"Le Ceneri ci ricordano che la nostra lontananza da Dio ci rende inconsistenti": l'omelia di padre Cesare Falletti nel mercoledì delle Ceneri in Abbazia.

 Il dieci febbraio è il giorno in cui tradizionalmente si festeggia s.Scolastica, ma quest'anno la ricorrenza ha lasciato il posto al mercoledì delle Ceneri. Alle 10.30 nella Basilica Cattedrale, l'Abate Donato ha presieduto la celebrazione, concelebrata da padre Cesare Falletti, monaco cistercense priore emerito dell'abbazia di Pra 'd Mill in Piemonte, che in questi giorni sta predicando gli esercizi spirituali per la Comunità monastica .

L'omelia è stata pronunciata proprio da lui che ha commentato con queste parole il Vangelo del giorno: "Paolo ci ha detto: 'Questo è un momento favorevole'. Ma favorevole a cosa? Favorevole per ritrovare quella unità con Dio che viene a ricordarci quello splendore che abbiamo perso. Oggi c'è questo segno delle ceneri, una cosa estremamente volatile, che ci dice che dobbiamo partire dalla presa di coscienza che la nostra lontananza da Dio ci rende inconsistenti. Siamo allora richiamati a ritornare con un cuore che si lascia colpire, che può far sgorgare lacrime che rappresentano il momento in cui l'uomo accetta di avere bisogno di Dio.

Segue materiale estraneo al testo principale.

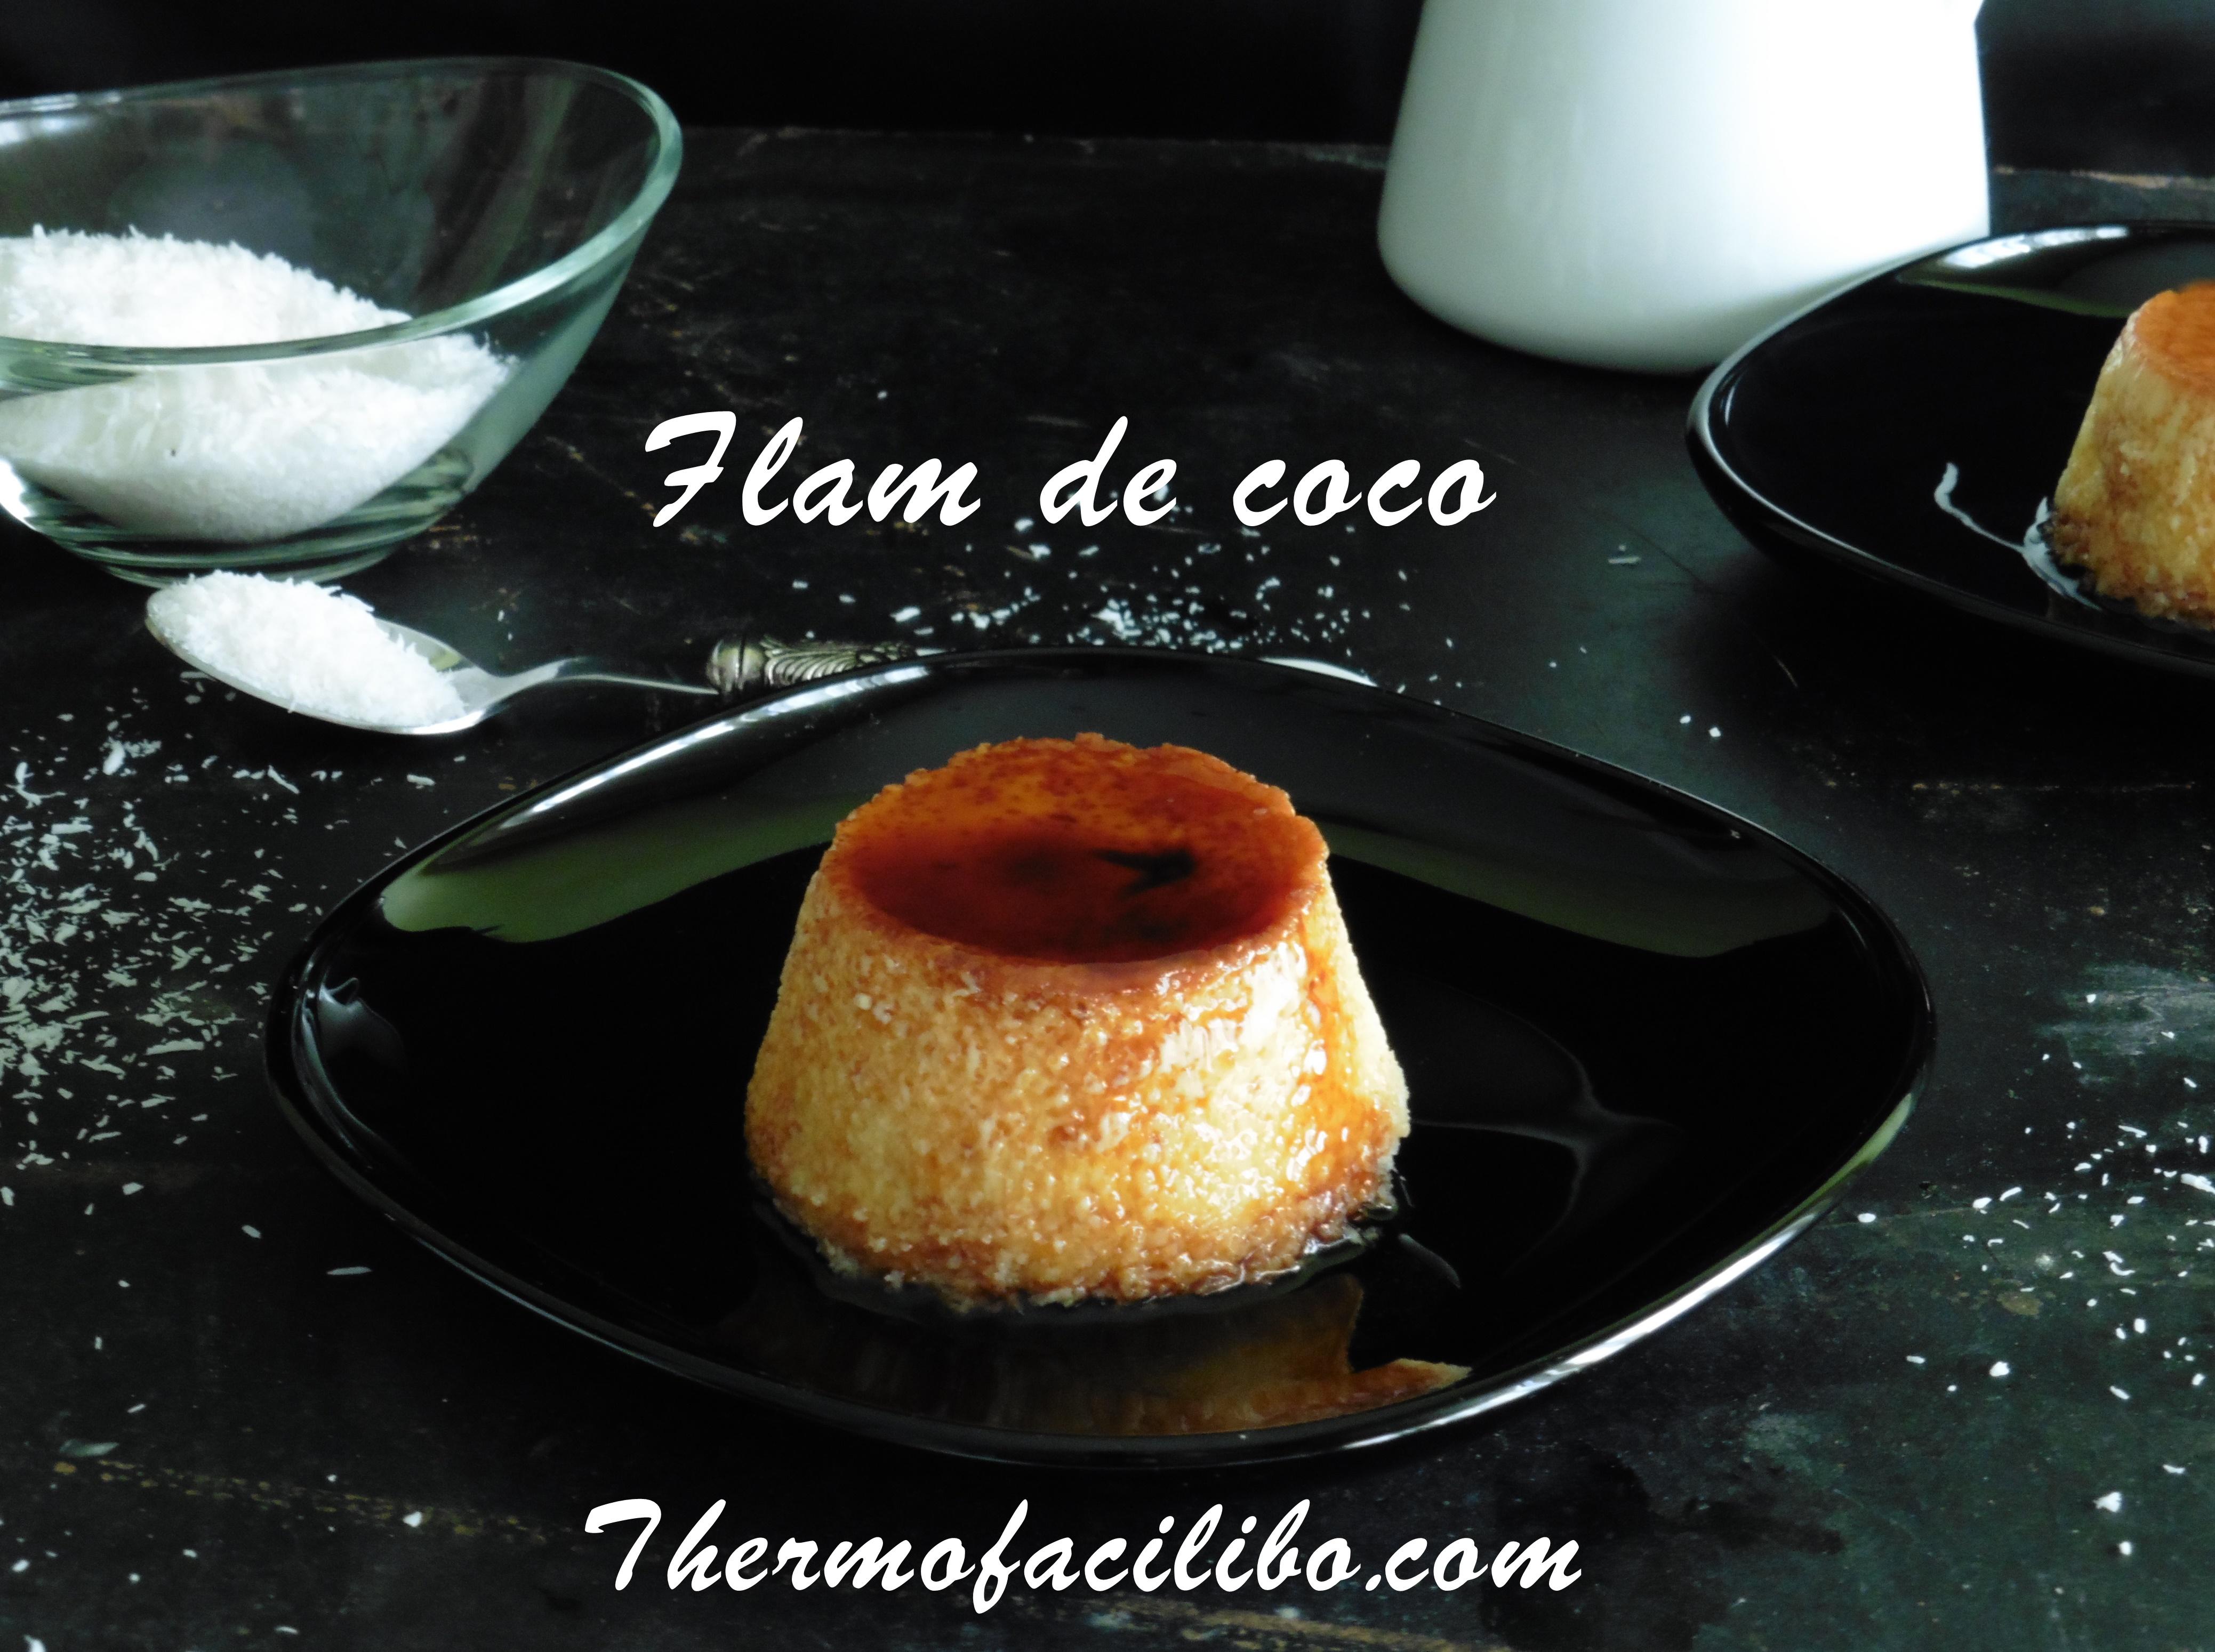 Flam de coco

Sembrerebbe un percorso impossibile da fare se pensiamo alla distanza che dovremmo percorrere in questi quaranta giorni della Quaresima verso la Santa Pasqua per essere pronti a risorgere con Cristo ed essere una creatura nuova. Ma Dio non ci complica le cose, ci dà dei punti a cui dobbiamo attenerci e che rappresentano anche delle trappole, la trappola dell'orgoglio c'è sempre in qualunque cosa. Allora dandoci delle piste di salvezza dice anche "fate attenzione" perché invece di farne un cammino verso la gioia di Dio rischiate di dipingervi la faccia con degli strani colori che distruggono totalmente. Questi tre punti sono la preghiera, le opere di misericordia e il controllo della nostra vita fisica ma anche psichica e spirituale . Il fatto che non si può far nulla se non si chiede l'aiuto di Dio, se non si è in comunione con Dio. Ma questo l'uomo cerca di dimenticarlo, lo trova scomodo e invece quando è solo nel segreto della sua camera con le porte chiuse l'uomo ritrova se stesso ed è libero di dire al suo Dio "abbi pietà di me, vieni in mio aiuto".

Naturalmente quando ha raggiunto questa povertà si accorge che anche gli altri, i suoi simili hanno una povertà e allora esce per aiutarli per essere misericordioso. Ma se non si fa esperienza di misericordia è difficile essere misericordiosi e si rischia di prendere quel poco che ci possono dare invece di dare tutto noi stessi.

Infine, se noi non vogliamo essere completamente addormentati abbiamo bisogno di affrontare il nostro vivere con una certa severità che non vuol dire cattiveria ma avere un fine, uno sguardo verso la pienezza e volerla raggiungere.

Tutti abbiamo un'idea di cosa voglia dire allenarsi e di come non si possa fare nulla senza allenamento. E allora è questo che il Signore ci dice: Allenatevi perché dovete correre fino a Pasqua e questa corsa rischia di stancarvi prima dell'arrivo quindi allenatevi, il cuore deve essere tutto teso verso questa gioia del desiderio pasquale. Questo ce lo chiede il Signore, ce lo dice s.Benedetto e anche la verità del nostro vivere perché sappiamo che la nostra vita è una scommessa importante e che se non ce la giochiamo bene rischiamo di perderla ma che davanti a noi c'è la promessa della grazia nella misura in cui ascoltiamo la Parola di Dio che ci condurrà fino al fondo della strada, fino alla gloria di Dio."